**About this task:**
All of the data below should come back exactly as written, minus its images.

[[ Collected data, beginning ]]

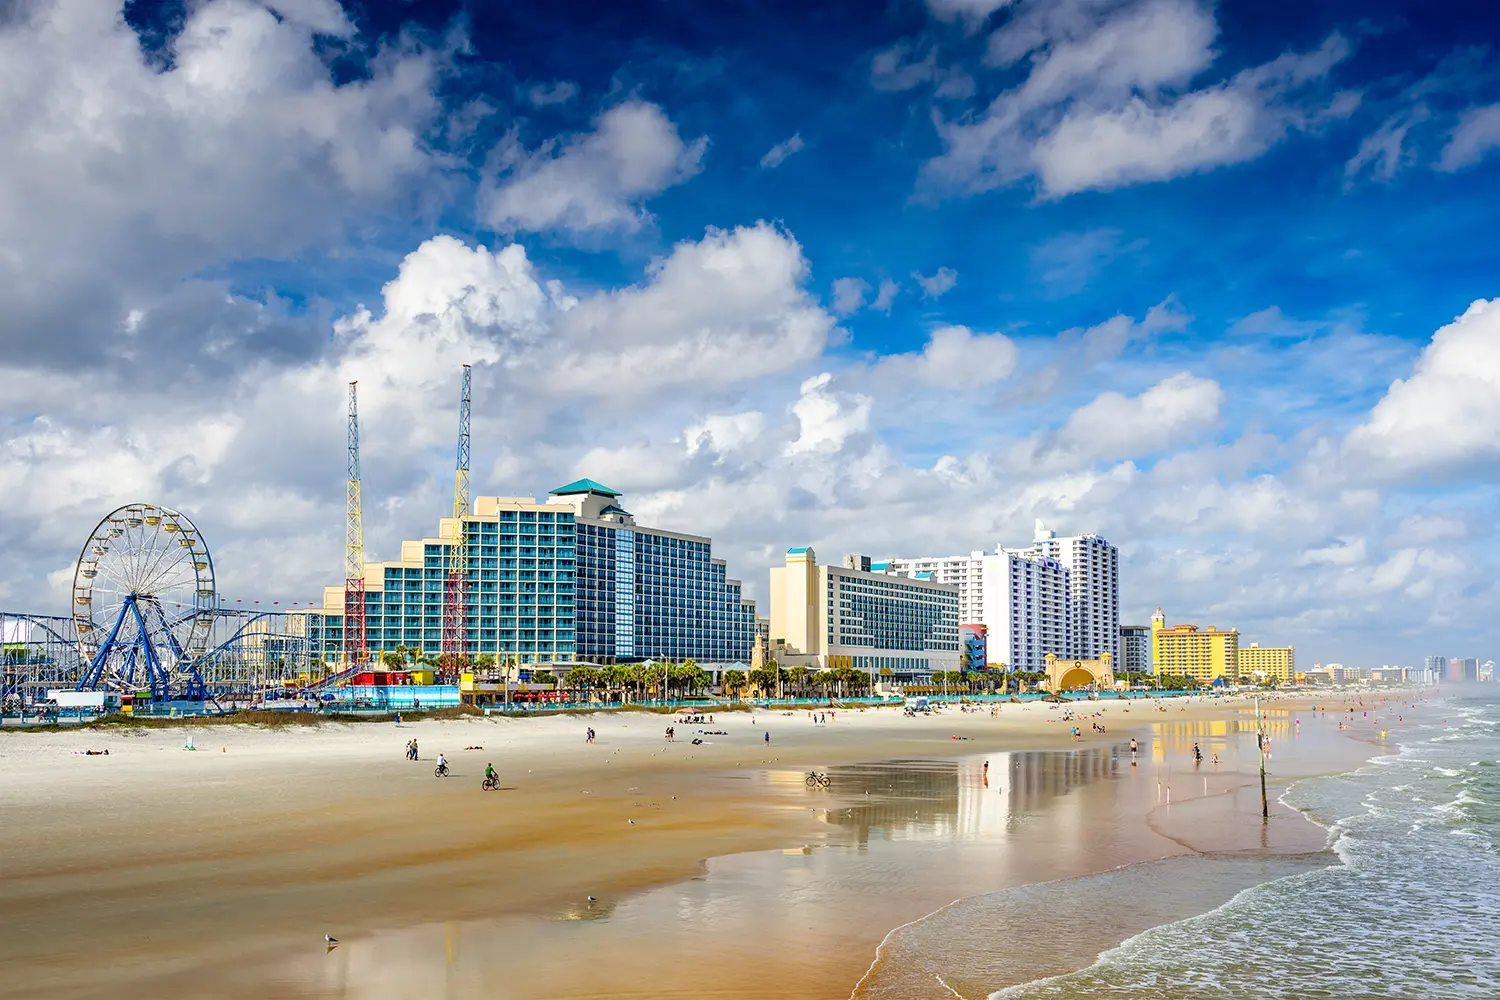 Beachfront of Daytona Beach, Florida, USA
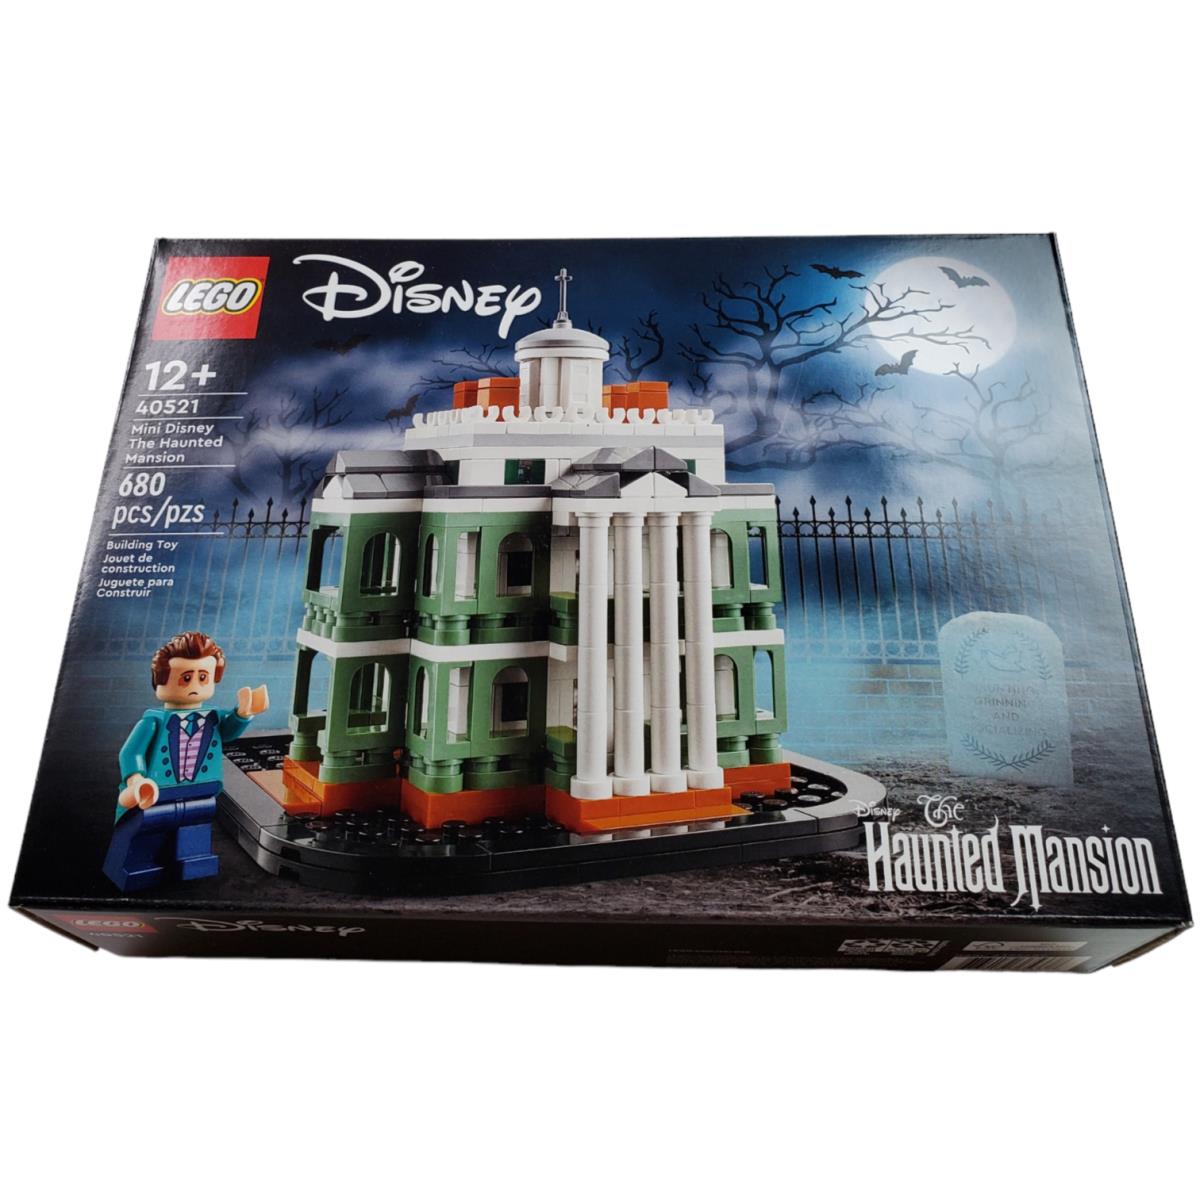 Lego 40521 Mini Disney The Haunted Mansion 680 Pieces
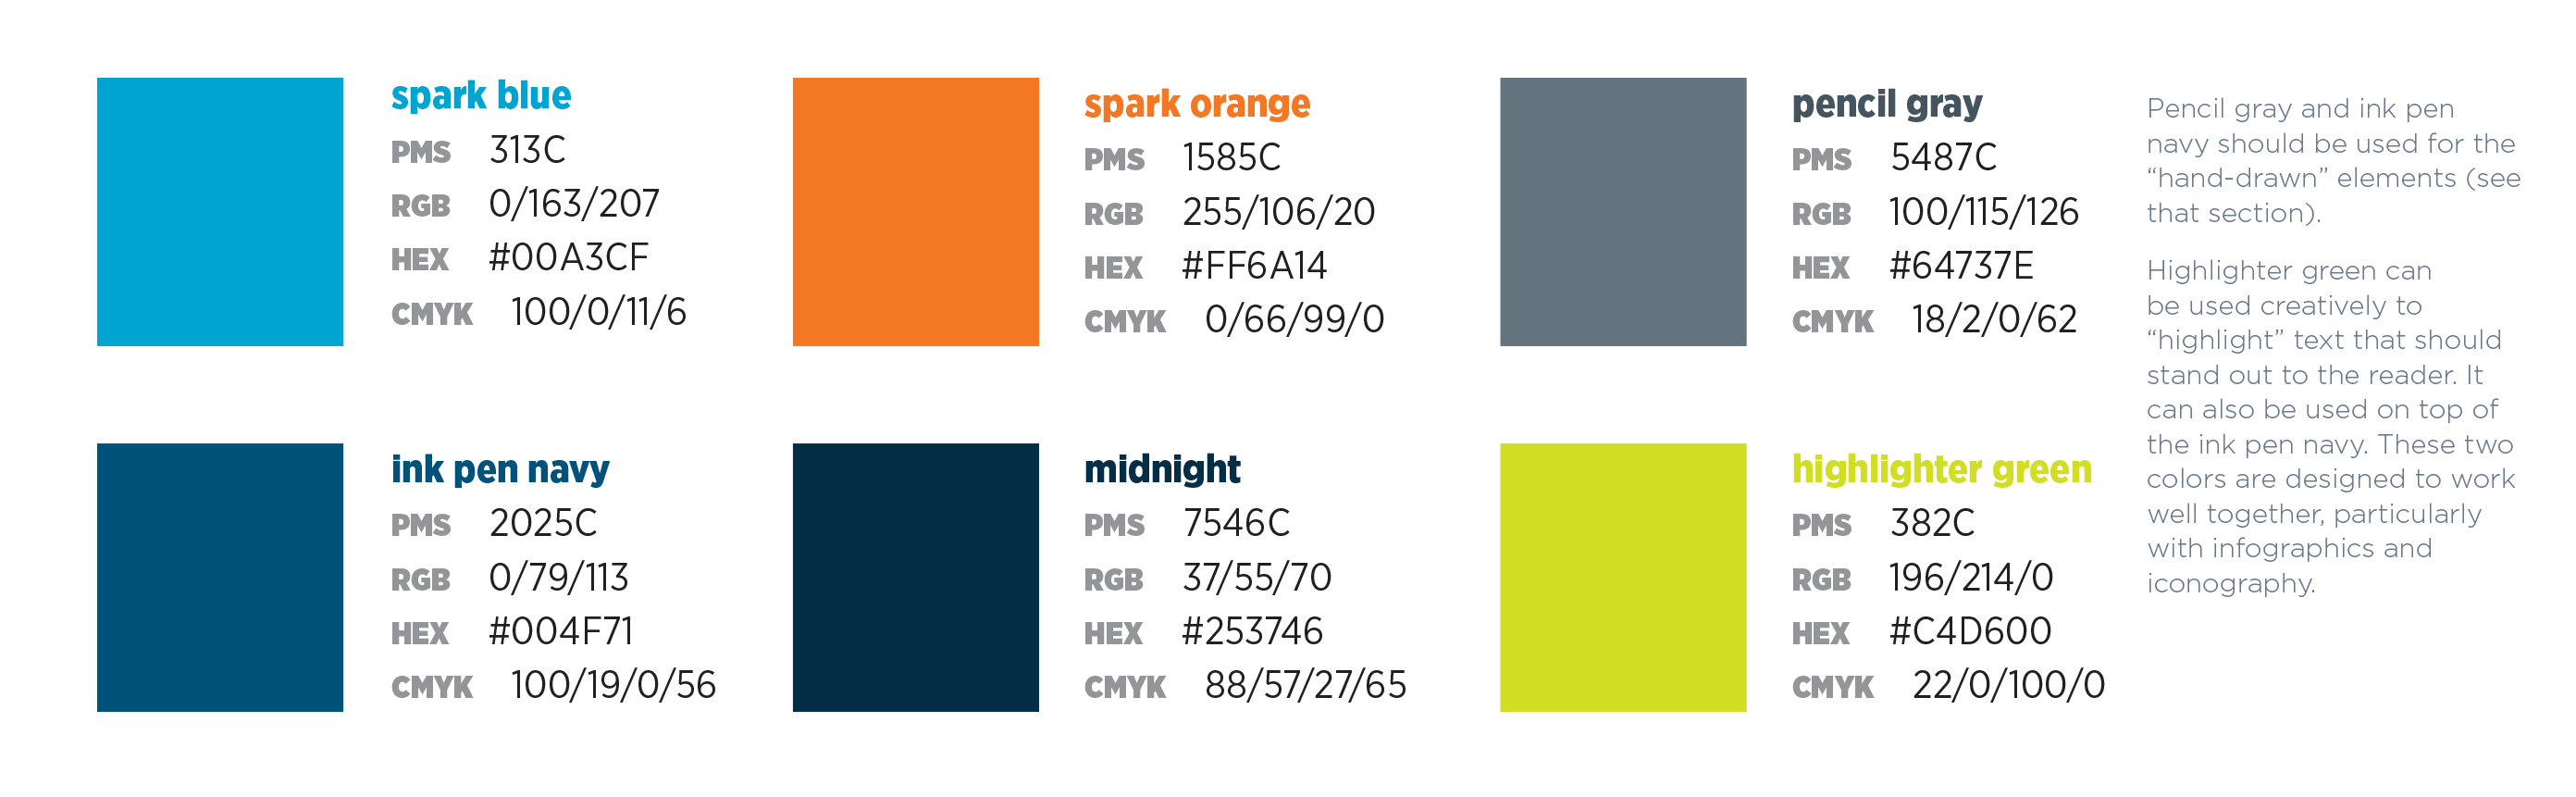 CompTIA-Spark-Brand_color palette

[[ Collected data, end ]]

**Completed task:**
 Beachfront of Daytona Beach, Florida, USA
 Lego 40521 Mini Disney The Haunted Mansion 680 Pieces
 CompTIA-Spark-Brand_color palette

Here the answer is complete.